Beberapa film seperti Spy, Ghostbusters (2016), dan Mad Max: The Furious Road sudah mendobrak stigma tersebut. Dalam Spy misalnya, protagonis tidak saja direpresentasikan oleh seorang perempuan, tapi juga seorang perempuan dengan berat badan berlebih—yang kerap kali dipandang sebagai sesuatu yang tidak cantik di antara penggemar film Hollywood. Namun film itu tidak hanya memfokuskan jalan cerita pada penampilan perempuan tersebut, tapi juga pada talentanya sebagai seorang mata-mata yang baik.
Dalam Mad Max, Furiosa, sang tokoh utama film tersebut, tidak hanya digambarkan sebagai karakter yang kuat dan cerdas, tapi ia juga tidak pernah sekali pun digambarkan sebagai obyek seksual. Hal serupa juga terjadi dalam reboot film Ghostbusters yang dirilis tahun ini.
Tentu, masih ada kritik terhadap karakter-karakter di atas. Susan Cooper dalam film Spy dicela karena dianggap ‘kurang realistis’, sebab dunia tidak siap menerima perempuan berbadan besar yang pandai berkelahi.

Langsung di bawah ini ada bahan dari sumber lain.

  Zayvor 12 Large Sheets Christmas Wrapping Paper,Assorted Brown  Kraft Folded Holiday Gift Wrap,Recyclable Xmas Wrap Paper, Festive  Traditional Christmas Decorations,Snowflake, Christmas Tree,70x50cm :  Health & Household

Furiosa dicela karena terlalu sangar dan tidak terlihat ‘indah’. Kristen Wiig, Mellisa McCarthy, Kate McKinnon, dan Leslie Jones dianggap telah merusak esensi utama dari waralaba Ghostbusters karena film tersebut memutuskan untuk tidak memotret mereka sebagai obyek seksual.

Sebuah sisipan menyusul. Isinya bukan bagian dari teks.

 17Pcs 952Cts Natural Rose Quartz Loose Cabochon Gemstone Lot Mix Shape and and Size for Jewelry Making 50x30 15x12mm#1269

Sudah saatnya kita menerima kenyataan bahwa perempuan berada di layar kaca bukan semata-mata untuk menjadi pemanis layar. Bukan hanya agar mereka mati supaya tokoh laki-laki berkembang. Perempuan bukanlah sebuah cangkang kosong. Jika laki-laki bisa terlihat cerdas di layar kaca, mengapa perempuan tidak? Jika laki-laki bisa digambarkan menjadi sebuah tokoh kompleks yang dicintai oleh penontonnya, mengapa perempuan tidak bisa mendapatkan kesempatan yang sama?
Perempuan pantas mendapatkan representasi yang layak di layar kaca. Jika kita ingin berangkat dari stereotip, maka perempuan butuh stereotip baru. Tampilkanlah perempuan yang kuat, mandiri, independen, dan kompleks. Munculkanlah karakter perempuan yang dapat dicintai tanpa harus selalu dipersepsikan sebagai obyek yang hanya bisa dicumbu. Berilah publik karakter perempuan yang sesungguhnya.
Dyaning Pangestika adalah seorang mahasiswa tingkat akhir jurusan Ilmu Hubungan Internasional di Universitas Katolik Parahyangan, Bandung. Jika tidak sedang menjadi mahasiswa, ia menghabiskan waktu luangnya dengan membaca The Onion dan dan mencari meme di internet.